Abstract

Background: Surfactant abnormalities have been described in bacterial pneumonia. Objective: To determine the safety and effect of exogenous surfactant replacement in patients with ventilator-associated pneumonia (VAP). Methods: Patients with VAP were randomized in a double-blind study to receive either an artificial surfactant (Exosurf) consisting mostly of disaturated phospholipids (DSPL) or saline via a continuous nebulizer system for 5 days. Patients underwent bronchoscopy and bronchoalveolar lavage (BAL) prior to and after 4 days of therapy. Results: Twenty-two patients were randomized, with 8 receiving Exosurf. There was no detected difference in outcome between the saline- and Exosurf-treated patients in terms of days on ventilator, 30-day or hospital mortality.
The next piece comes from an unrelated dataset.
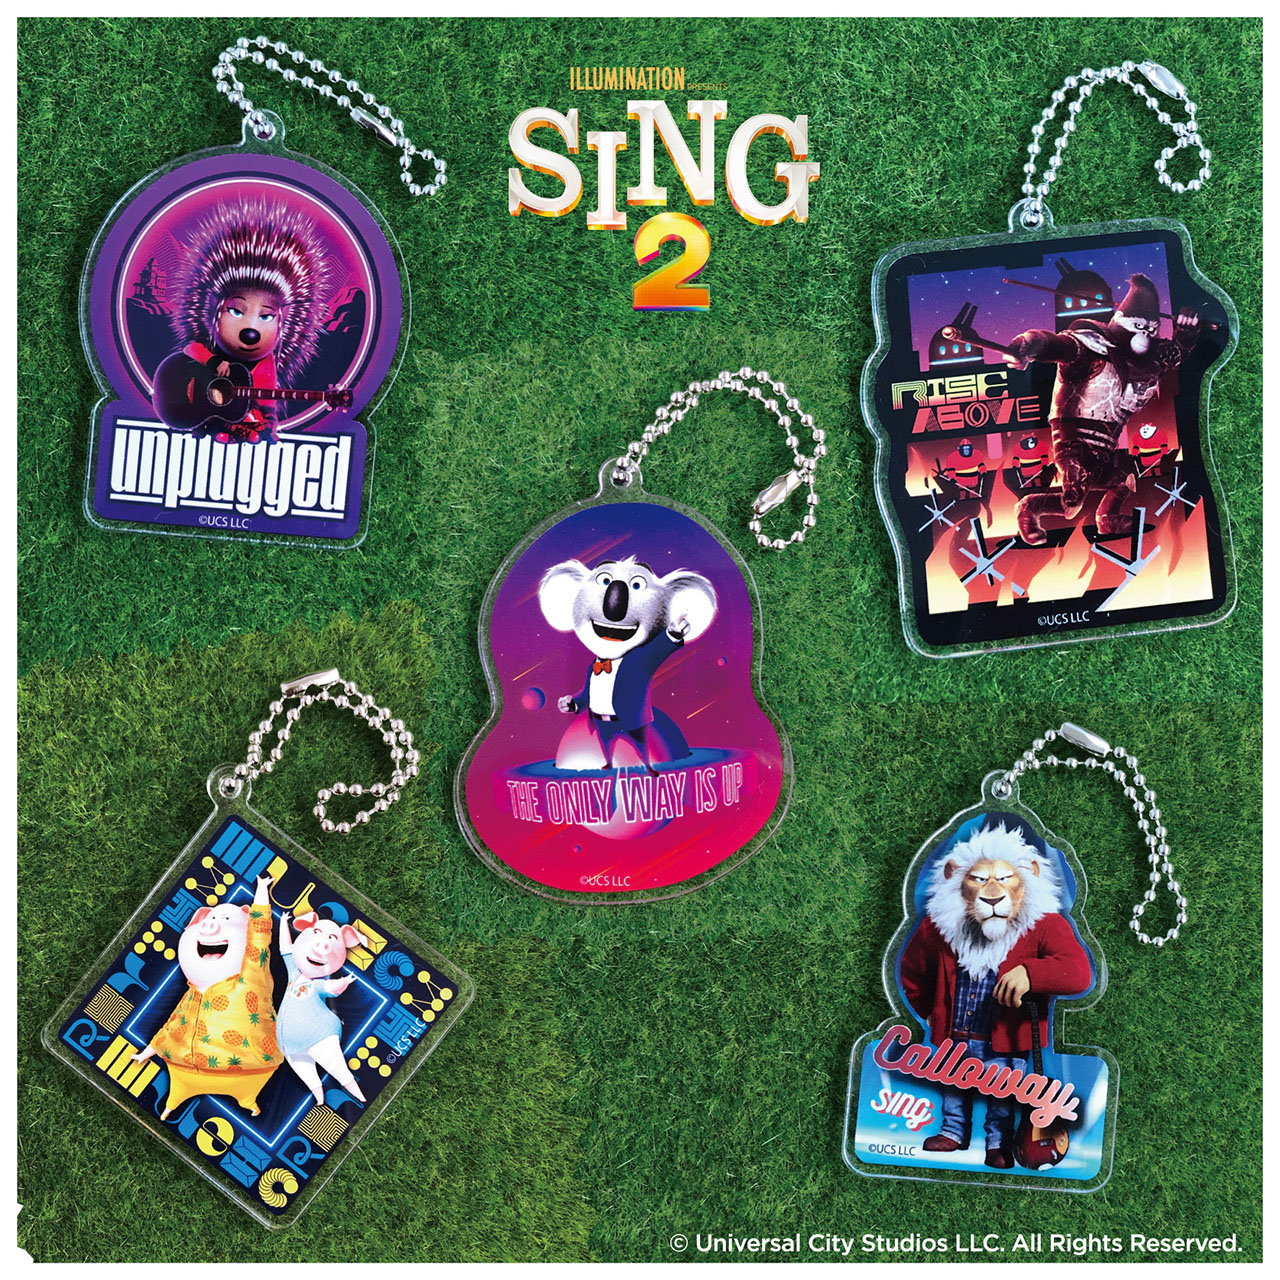 SING2　アクリルキーチェーンクレイ柄　再入荷が決定✨

At the follow-up lavage, the patients treated with Exosurf had a significant rise in the level of DSPL (p < 0.05), while the saline group did not, suggesting delivery of drug. Also at the follow-up lavage, the percentage of neutrophils in the BAL fell in the Exosurf patients (p < 0.01), but not in the saline group. Conclusion: Exogenous surfactant replacement given to patients with VAP increased the amount of DSPL retrieved by BAL. This treatment was associated with a fall in the neutrophil response to pneumonia.